2025: Entering the Next American Epoch
A new way to look at the American project as we move into the age of AI
According to technologist
, history progresses as a series of epochs that occur on a consistent timeline: Every 80 years, we enter an era of rapid innovation, which lasts roughly 25 years. Most recently, the post WWII-epoch brought about globalization. This period lasted from 1945 to 1970. Following Leyden’s theory, the next epoch begins right now, in 2025.When I encountered Leyden’s view, I felt a sense of relief. For years now, I’ve been obsessed with commentators proclaiming that our current way of life is unsustainable. There’s Peter Zeihan, arguing that globalization is breaking down.

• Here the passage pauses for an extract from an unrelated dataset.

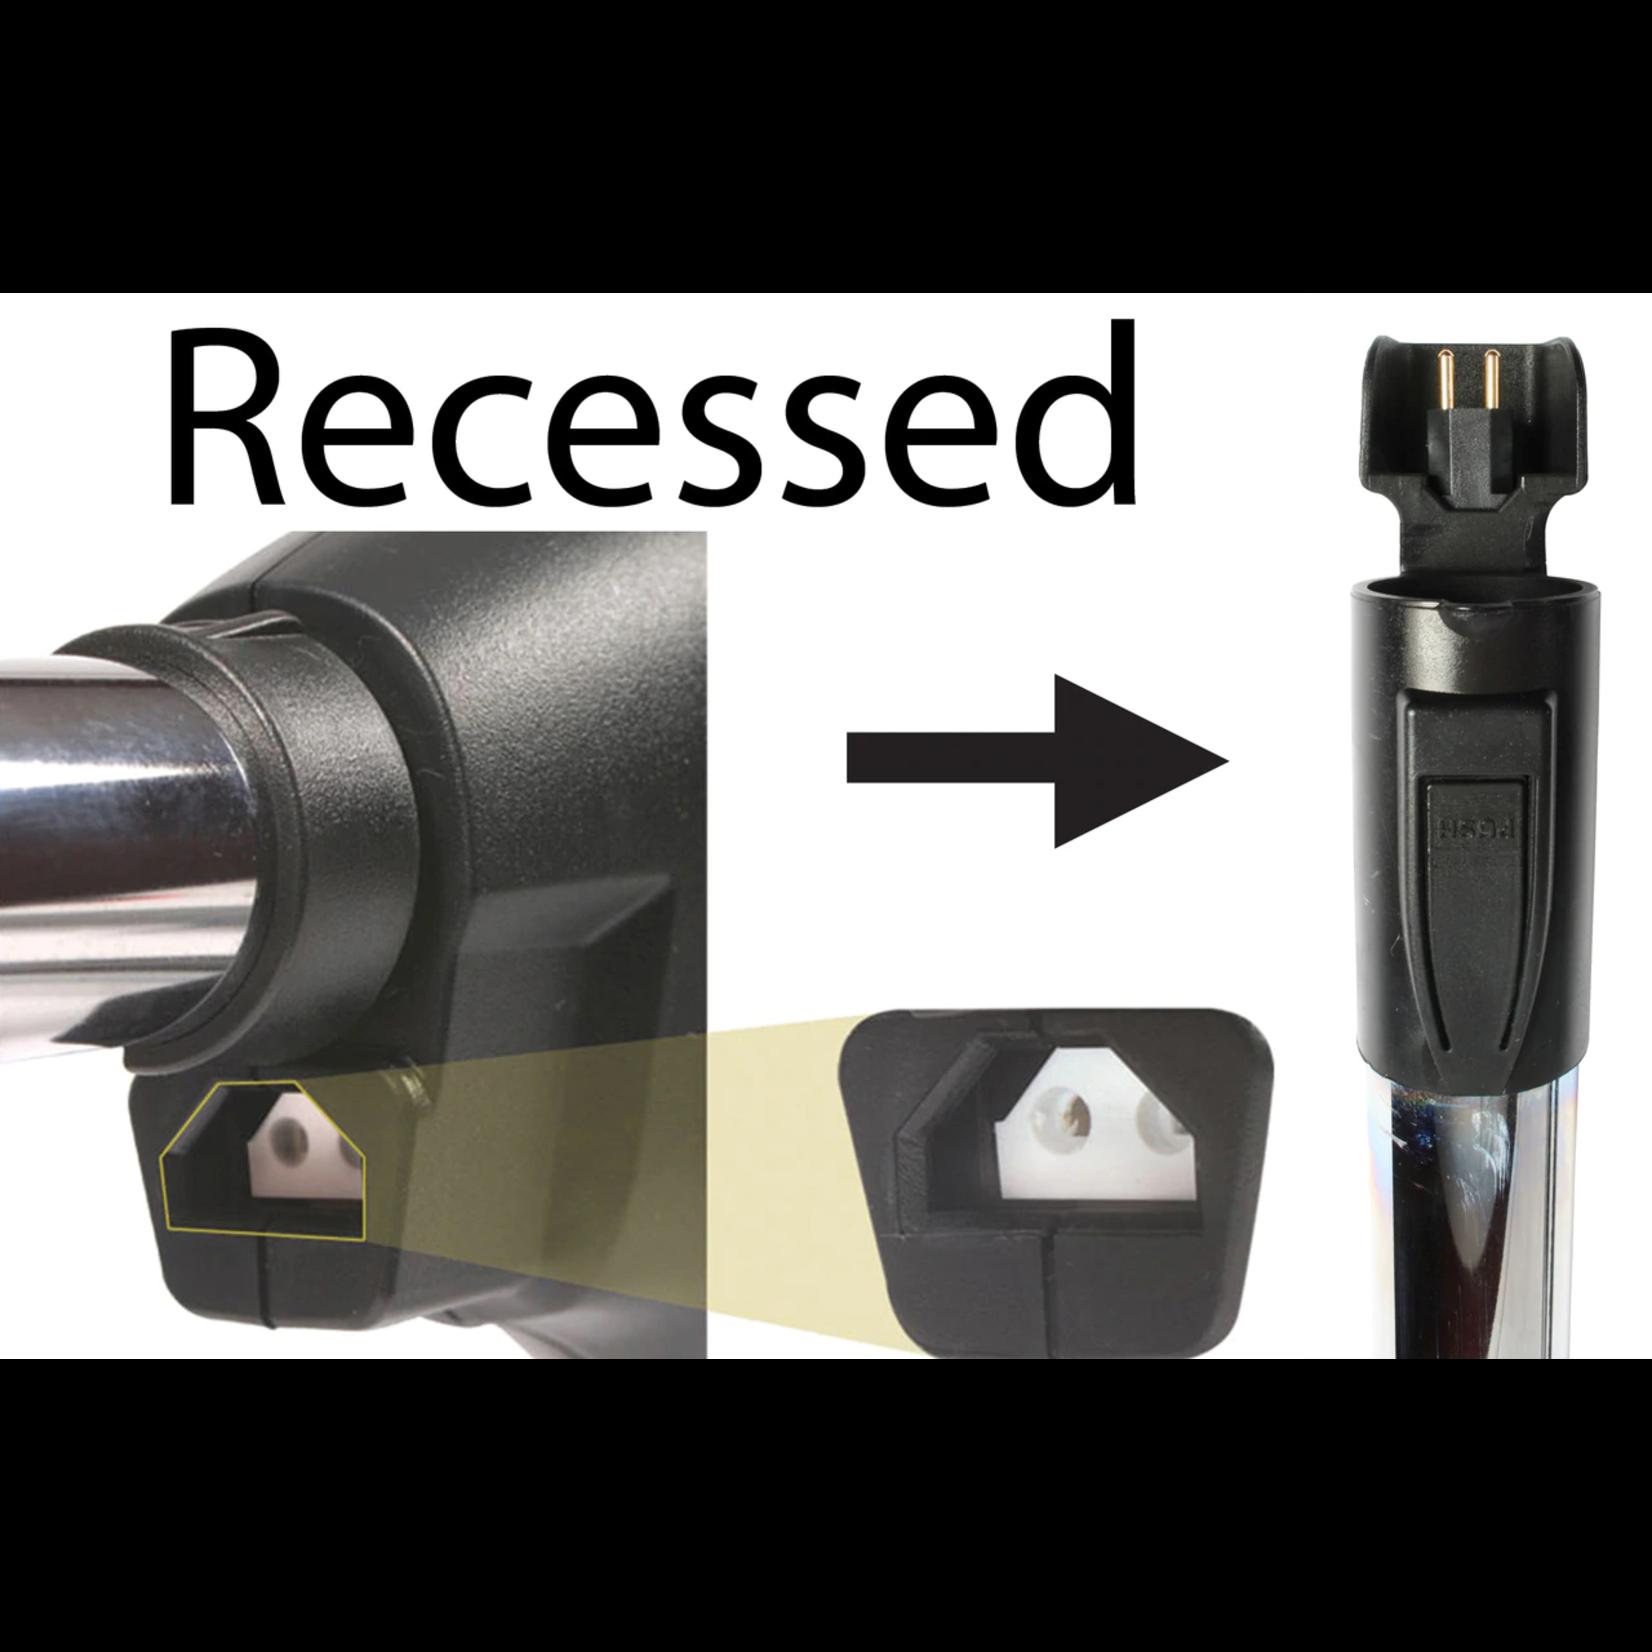 Centec Centec Telescopic Wand - Recessed w/Short Tube

There’s Morris Berman, who observes that the core of our society, which is nothing more than “a collective adrenaline rush,” is profoundly broken at its core. There’s Peter Turchin, claiming that elite overproduction will cause massive civil unrest this decade. And of course there are the economists who warn that economic growth will inevitably end as populations begin to decline in the near future.
Leyden’s framing of the present moment pushes all of this aside. In 1944, no one could have predicted how radically the Bretton Woods system would transform the world, opening the door to globalization. That’s where we stand today: No one has any exact idea of how radically AI, clean energy, and bioengineering will shake things up. All the doomers are operating within the parameters of the outgoing system. The moment the new system kicks into gear, their gloomy analyses will be buried under piles of dust.
Notably, the new system doesn’t promise to be an automatic utopia by any stretch. Leyden’s headline prediction is that AI will lead us to surveillance-saturated one-world government. No doubt there are ways in which this could be a good thing, but it’s easier to imagine all the ways this could turn into a nightmare scenario.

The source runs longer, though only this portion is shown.